PDF and Image AI Mapper

A tool for processing, categorizing, and searching through PDF documents and images using OCR.

Features

Upload and process PDF documents and images
Extract text using OCR (Optical Character Recognition)
Automatically categorize documents based on content
Search through processed documents
Filter search results by categories
Detect and handle duplicate documents
Support for structured categories with metadata for enterprise applications

Requirements

Python 3.8+
Tesseract OCR engine
Poppler (for PDF to image conversion)
Pixi package manager / Docker

Installation

Option 1: Local Installation

Install Tesseract OCR engine:
- Ubuntu/Debian: sudo apt-get install tesseract-ocr
- MacOS: brew install tesseract
- Windows: Download and install from GitHub
Install Poppler:
- Ubuntu/Debian: sudo apt-get install poppler-utils
- MacOS: brew install poppler
- Windows: Download and install from poppler releases
Install Pixi if you haven't already:

curl -fsSL https://pixi.sh/install.sh | bash

Create a development environment and install dependencies:

pixi install

(Optional) Configure environment variables:

cp .env.example .env
# Edit .env with your specific configuration

The application will work with default settings if no .env file is provided.

Option 2: Using Docker

Make sure you have Docker and Docker Compose installed:
- Install Docker
- Install Docker Compose
Build and run the Docker container:

docker-compose up --build

This will:

Build the Docker image with all required dependencies
Start the application on port 7860
Mount volumes for uploads and processed data

Usage

Local Usage

Start the server:

pixi run start

or

pixi run python main.py

Docker Usage

Start the application with Docker Compose:

docker-compose up

To run in the background:

docker-compose up -d

To stop the application:

docker-compose down

The API will be available at http://localhost:7860 for both local and Docker usage.

Available Endpoints

POST /upload/: Upload and process a PDF or image file (automatically categorizes documents)
POST /search/: Search through processed documents
GET /categories/: Get all available document categories
POST /recategorize/: Manually trigger recategorization of all documents (optional, as categorization happens automatically)
POST /recategorize-with-clusters/?clusters=<number>: Manually trigger recategorization with a custom number of clusters
POST /cleanup-duplicates/: Remove duplicate documents from the index
POST /generate-structured-categories/: Generate structured categories from existing categories
GET /status/: Check the processing status of all documents

API Reference

Upload a Document

POST /upload/

For example, using curl:

curl -X POST http://localhost:7860/upload/ -F "file=@<path_to_file.pdf>"
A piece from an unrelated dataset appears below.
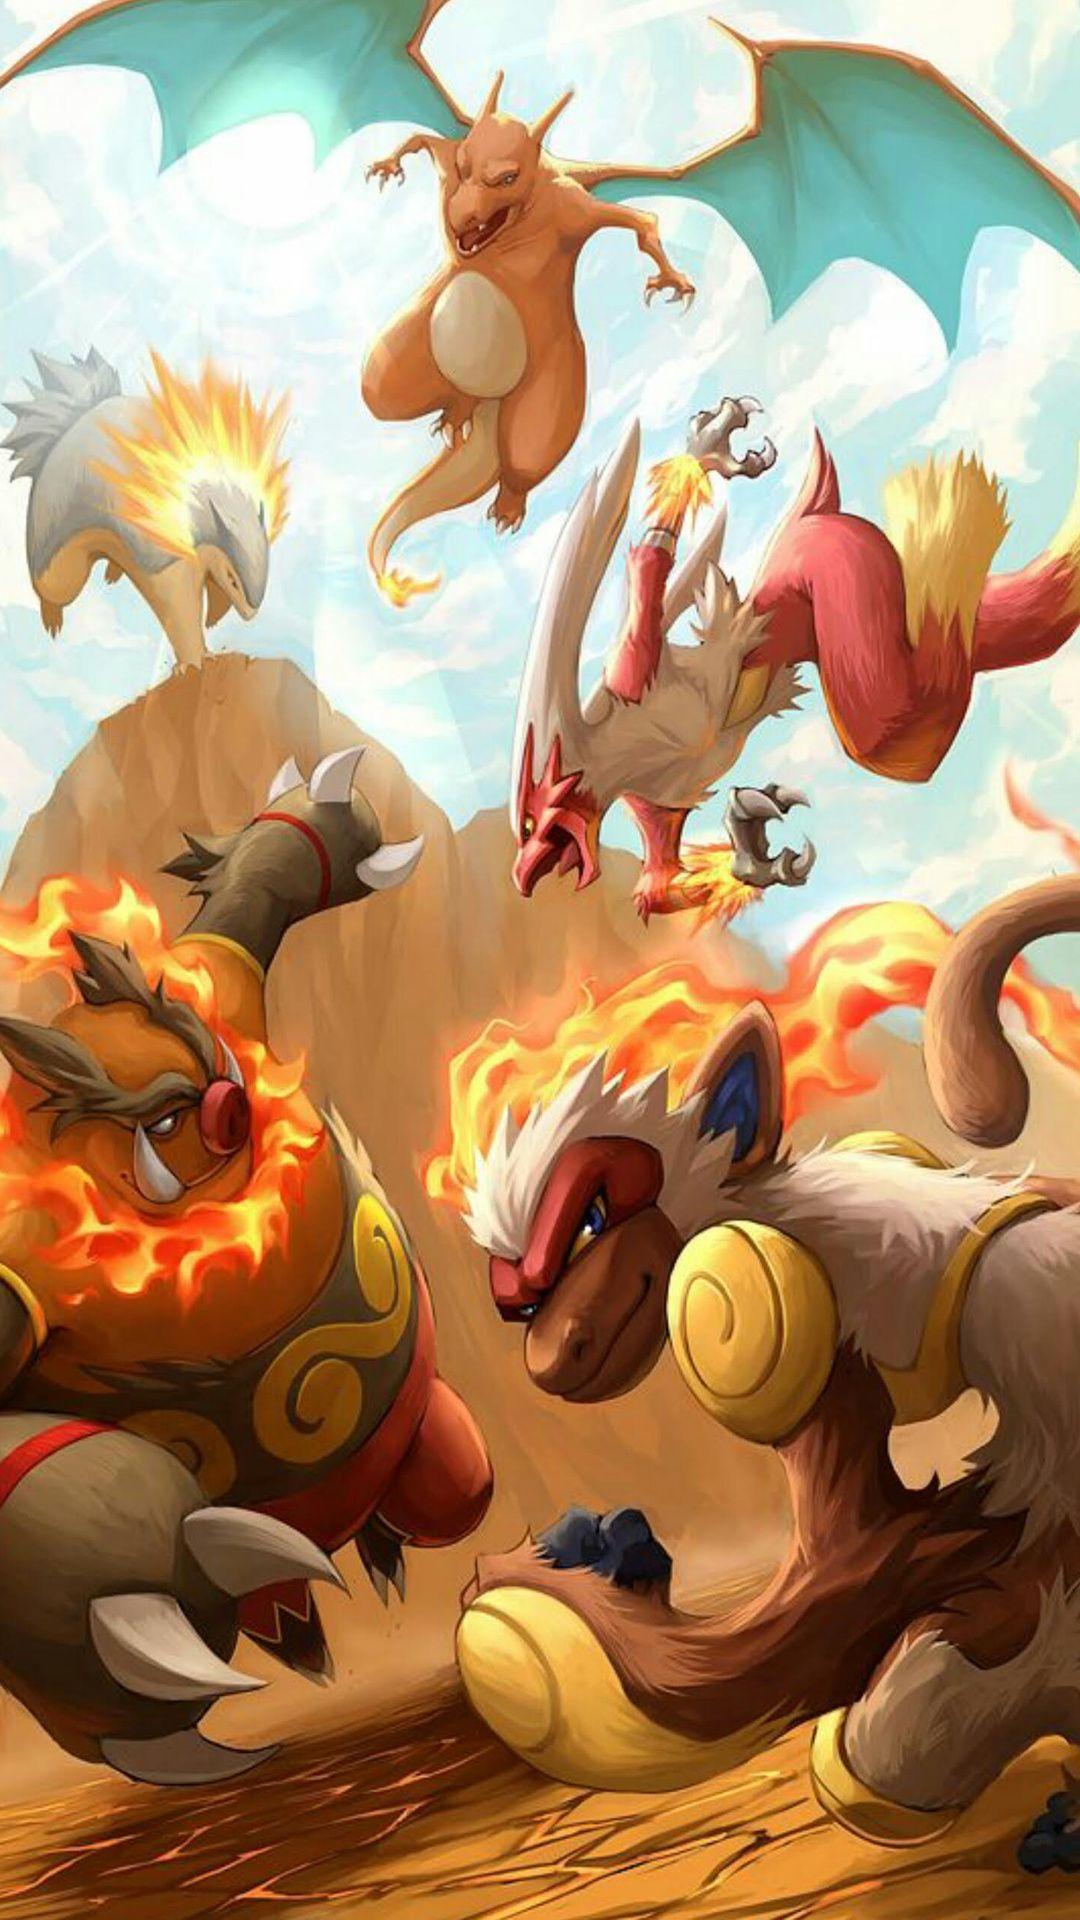 Pokemon Starters Wallpaper : pokemon, starters, wallpaper, Pokemon, Starters, Wallpaper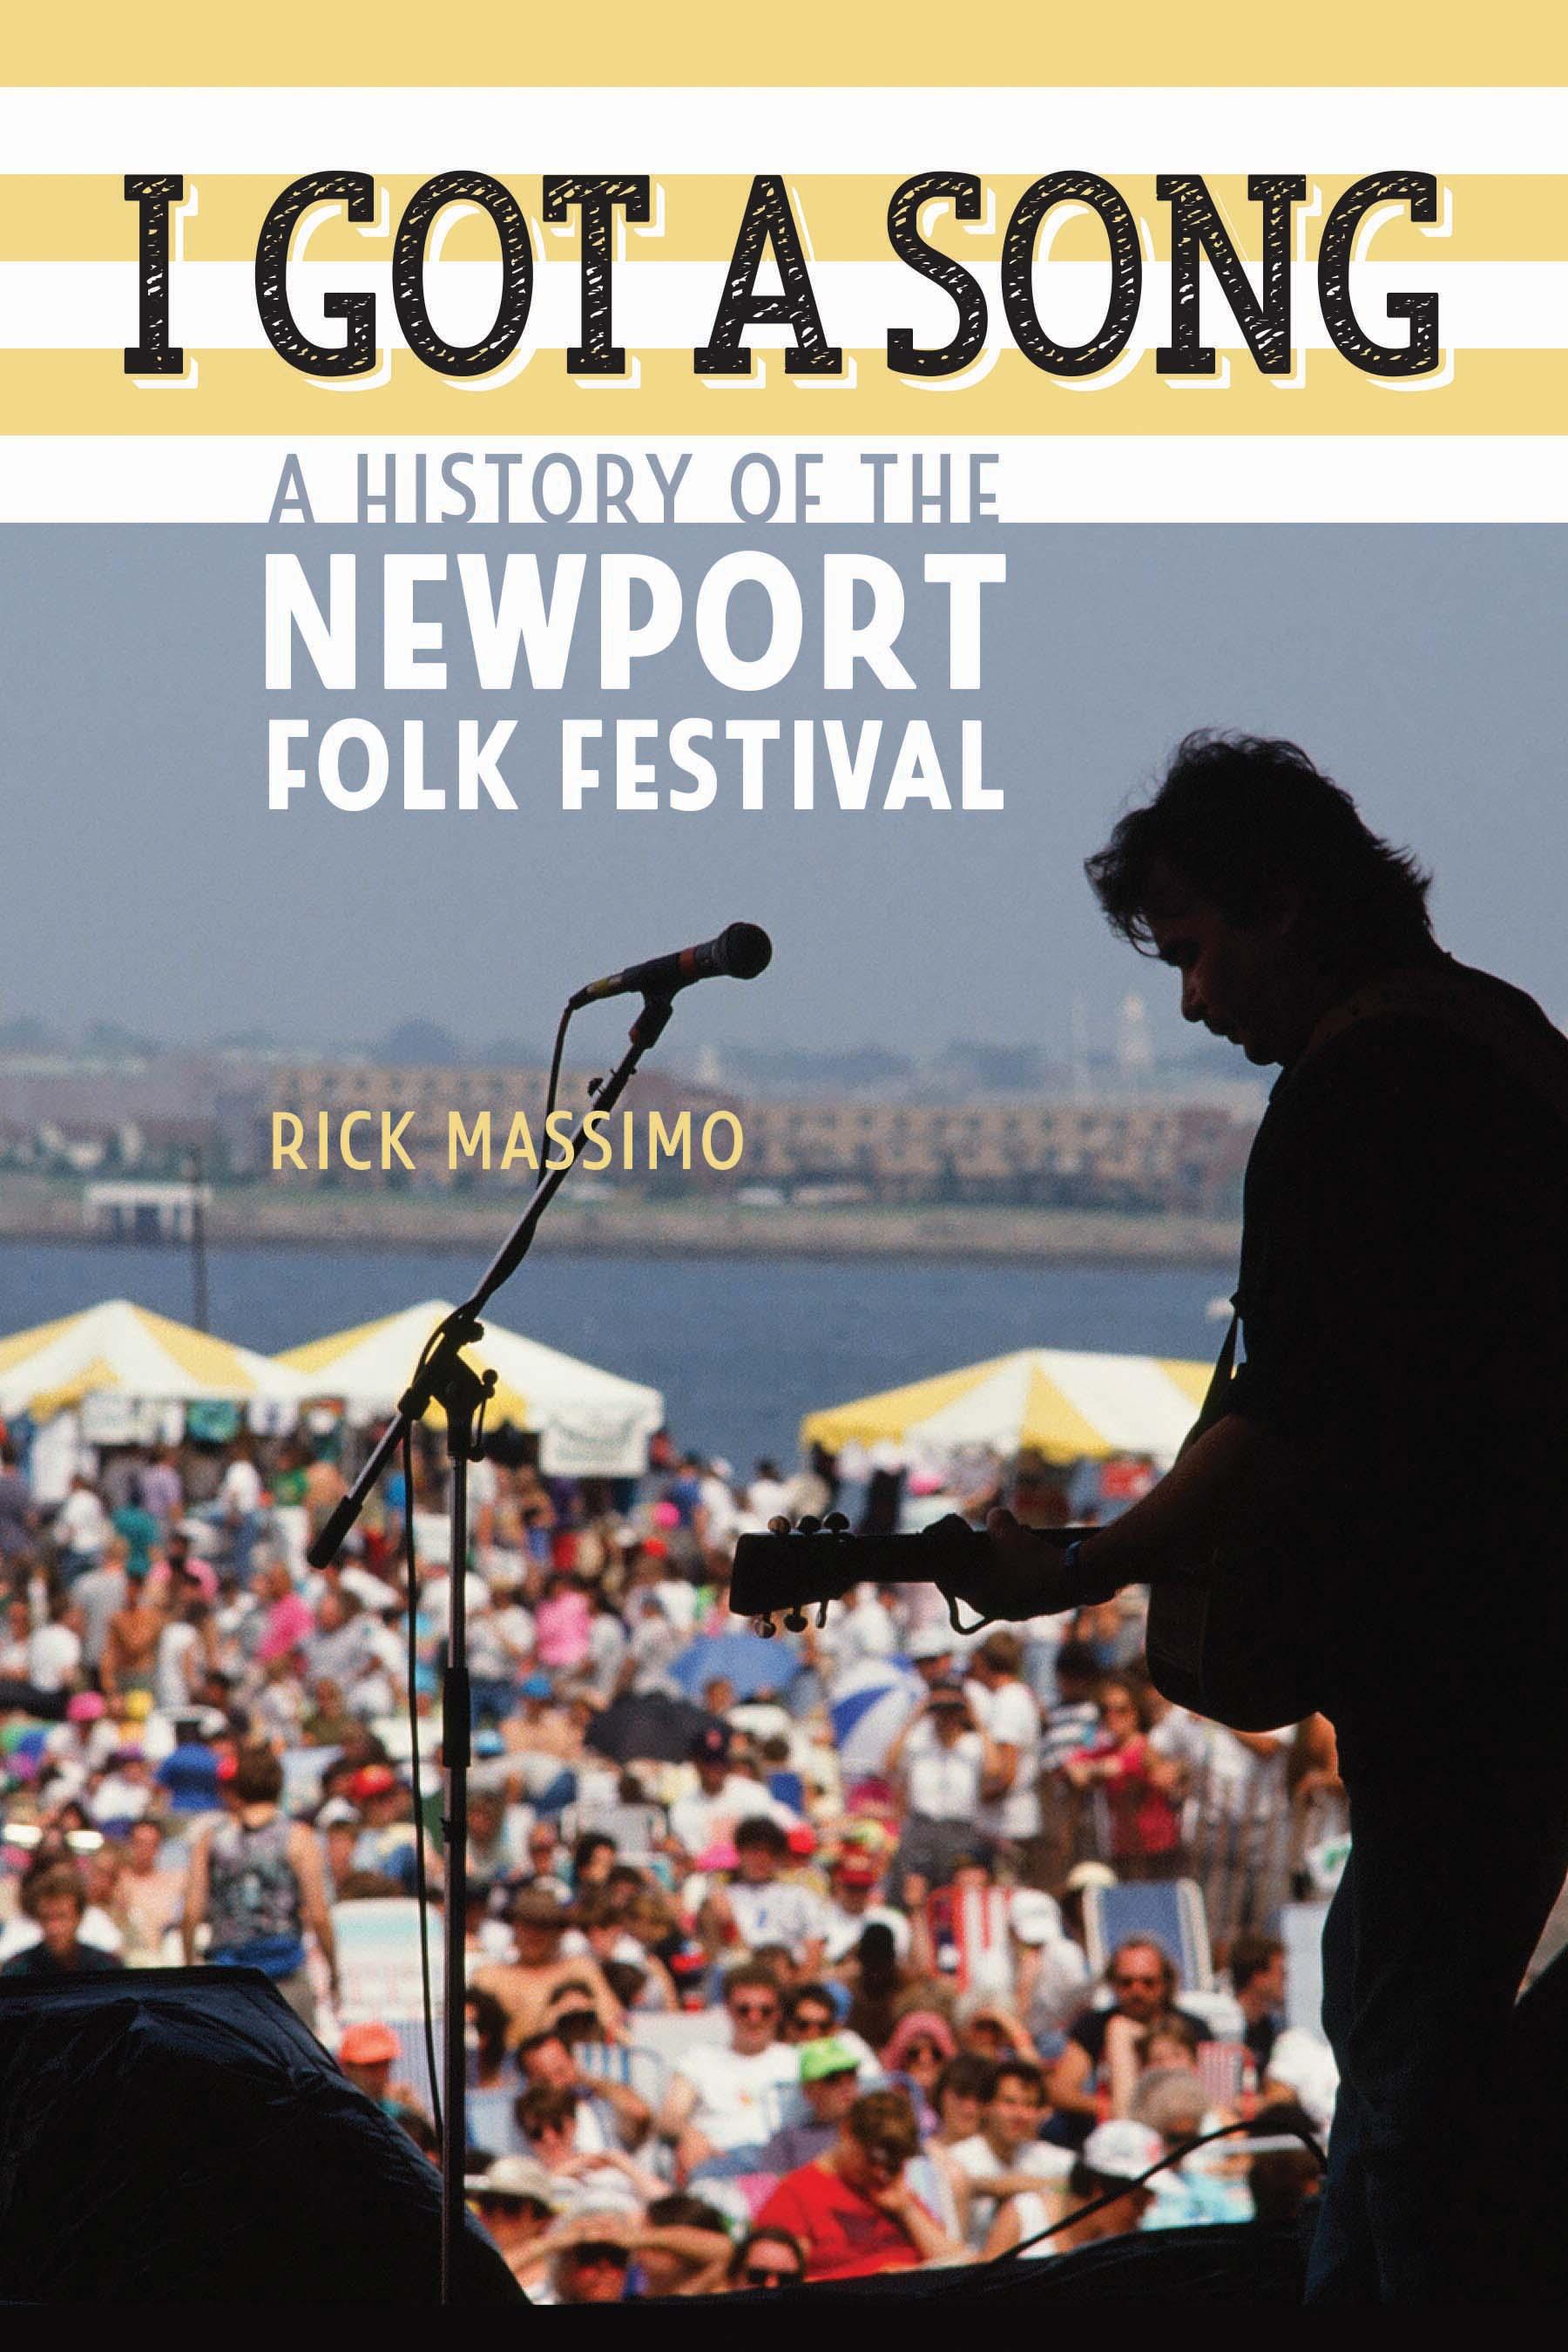 Meet the Author: Rick Massimo

Request Body: Form data with a file field

Response:

{
  "status": "success",
  "message": "File uploaded successfully and processing started (categorization will happen automatically, duplicates will be detected)",
  "document_id": "<uuid>",
  "categories": ["Processing"]
}

Search Documents

POST /search/

This endpoint allows you to search through all processed documents using a text query. You can optionally filter results by specific categories, category types, or keywords.

For example, using curl:

curl -X POST http://localhost:7860/search/ -H "Content-Type: application/json" -d '{"query": "<search_query_text>"}'

To filter by category:

curl -X POST http://localhost:7860/search/ -H "Content-Type: application/json" -d '{"query": "<search_query_text>", "categories": ["<category_name_1>", "<category_name_2>"]}'

To filter by category type:

curl -X POST http://localhost:7860/search/ -H "Content-Type: application/json" -d '{"query": "<search_query_text>", "category_types": ["<category_type_1>", "<category_type_2>"]}'

To filter by keywords:

curl -X POST http://localhost:7860/search/ -H "Content-Type: application/json" -d '{"query": "<search_query_text>", "keywords": ["<keyword_1>", "<keyword_2>"]}'

Request Body:

{
  "query": "<search_query_text>",
  "categories": ["<optional_category_name_1>", "<optional_category_name_2>"],  // Optional array of categories to filter by
  "category_types": ["<optional_category_type_1>", "<optional_category_type_2>"],  // Optional array of category types to filter by
  "keywords": ["<optional_keyword_1>", "<optional_keyword_2>"]  // Optional array of keywords to filter by
}

Response:

{
  "results": [
    {
      "document_id": "<uuid>",
      "filename": "<original_filename.pdf>",
      "categories": ["<category_type>: <keyword_1>, <keyword_2>, <keyword_3>"],
      "structured_categories": [
        {
          "id": "<cat-XXX>",
          "type": "<category_type>",
          "keywords": ["<keyword_1>", "<keyword_2>", "<keyword_3>"],
          "display_name": "<category_type>: <keyword_1>, <keyword_2>, <keyword_3>",
          "created_at": "<ISO8601_timestamp>"
        }
      ],
      "score": <relevance_score_0_to_1000>,
      "snippet": "...matching text snippet with highlighted search terms..."
    }
  ],
  "available_filters": {
    "category_types": ["<category_type_1>", "<category_type_2>", "<category_type_3>"],
    "keywords": ["<keyword_1>", "<keyword_2>", "<keyword_3>"]
  }
}

The results are sorted by relevance score, with higher scores indicating better matches. The snippet shows the context where the search terms appear in the document. The available_filters section provides all available category types and keywords that can be used for filtering in subsequent searches.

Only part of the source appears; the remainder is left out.